Not all of Johanna’s experiments succeed — a gin and bell pepper cocktail known as The Bellboy will work only for those who dream of garden salsa-flavored SunChips in liquid form — and there are puzzling kitchen moments, too, as when the perfectly fried chicken over grits is marred by an unbecoming sweetness. But these are forgivable, perhaps inevitable, in a place that wants to both live up to expectations and confound them at once. Overall, there is a confidence to the cooking, one that coaxes diners into uncharted territory even as it coaxes unexpected flavors from comforting classics. “Wow,” said the 13-year-old at my table after trying Linwood’s mac and cheese, whose menu description had filled him with worry. (Muenster? Fontina? No sodium tripolyphosphate?!)  

But I know what you’re waiting to hear about: the iceberg wedge, because of course. It’s actually a shareable three-pack of baby wedges, each an easy target for bullying by wedges of the Outback Steakhouse variety. You’ll feel the confusion slip from your face when you taste the avocado ranch dressing dusted with fried shallots accompanied by a single heavenly slab of house-cured pork belly. Here, as with the grilled octopus tossed with lemon and dill, and the medallions of tuna tataki floating in a soy sauce delicately tamed by minced cucumber, The Linwood demonstrates a flair for re-imagining the familiar without once jumping the shark. Nowhere is that more true than in the case of Johanna’s menu of mocktails, which in both difficulty of execution and complexity of flavor are every bit the equal of their boozy brethren.

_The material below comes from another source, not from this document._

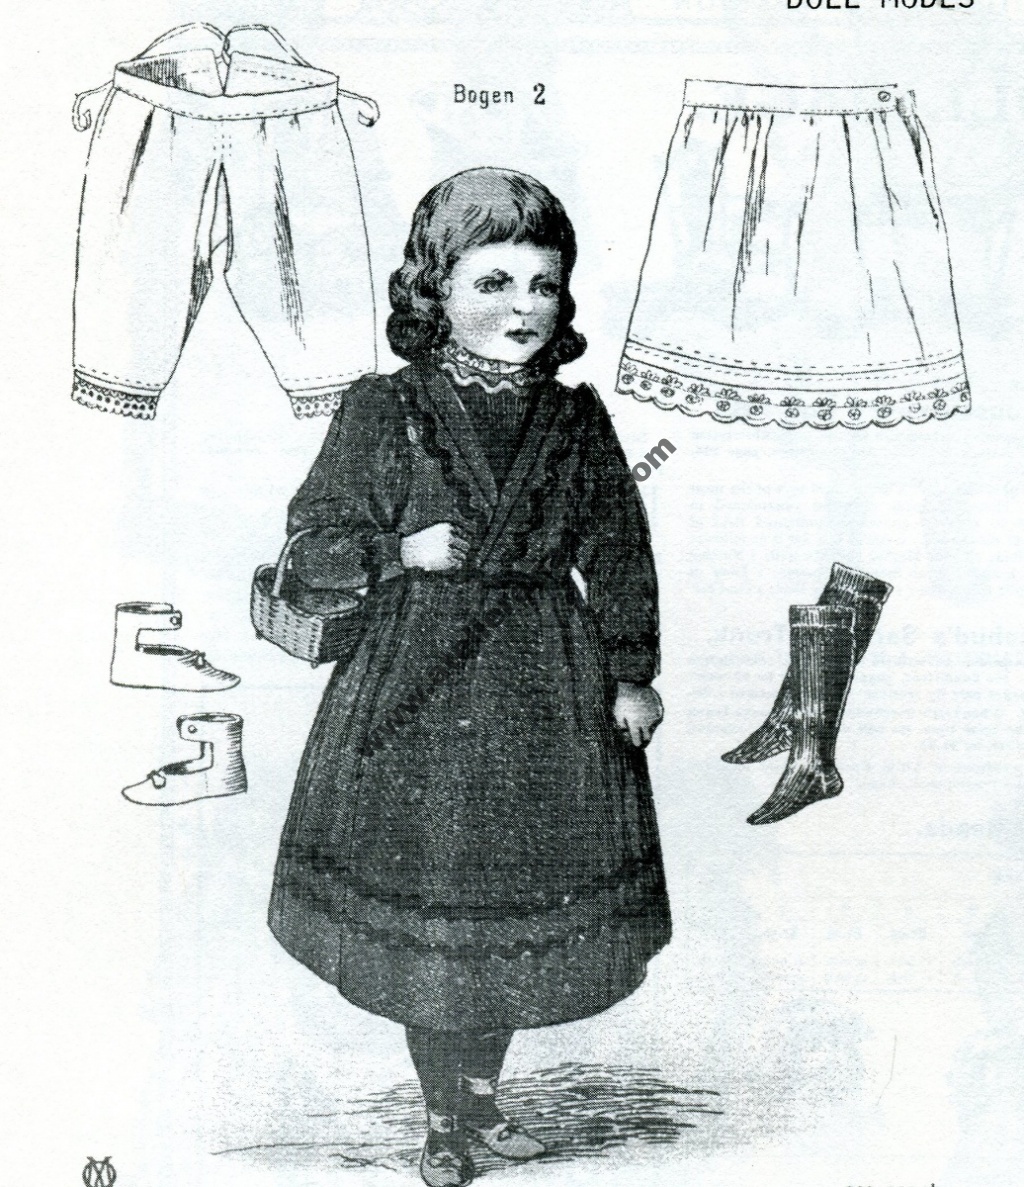 La mode pour poupées de 1900-1920 : robe, jupon, bloomer, chaussettes et chaussures

Weekends feature live music performed on the Linwood’s side porch overlooking Main Street, a cozy venue typically packed with folks whose fashion tastes run from Uniqlo and H&M to the Steve Miller Band 2011 concert tour. Such clashes are to be expected these days in downtown Bay Shore, whose flurry of commercial and residential construction suggests nothing less than a transformational moment. There’s a boomtown spirit afoot, with all the promise and ranshackleness that the term implies, a spirit that The Linwood lives and breathes.

This review has been updated to correct ingredients listed in a cocktail and the general manager's title.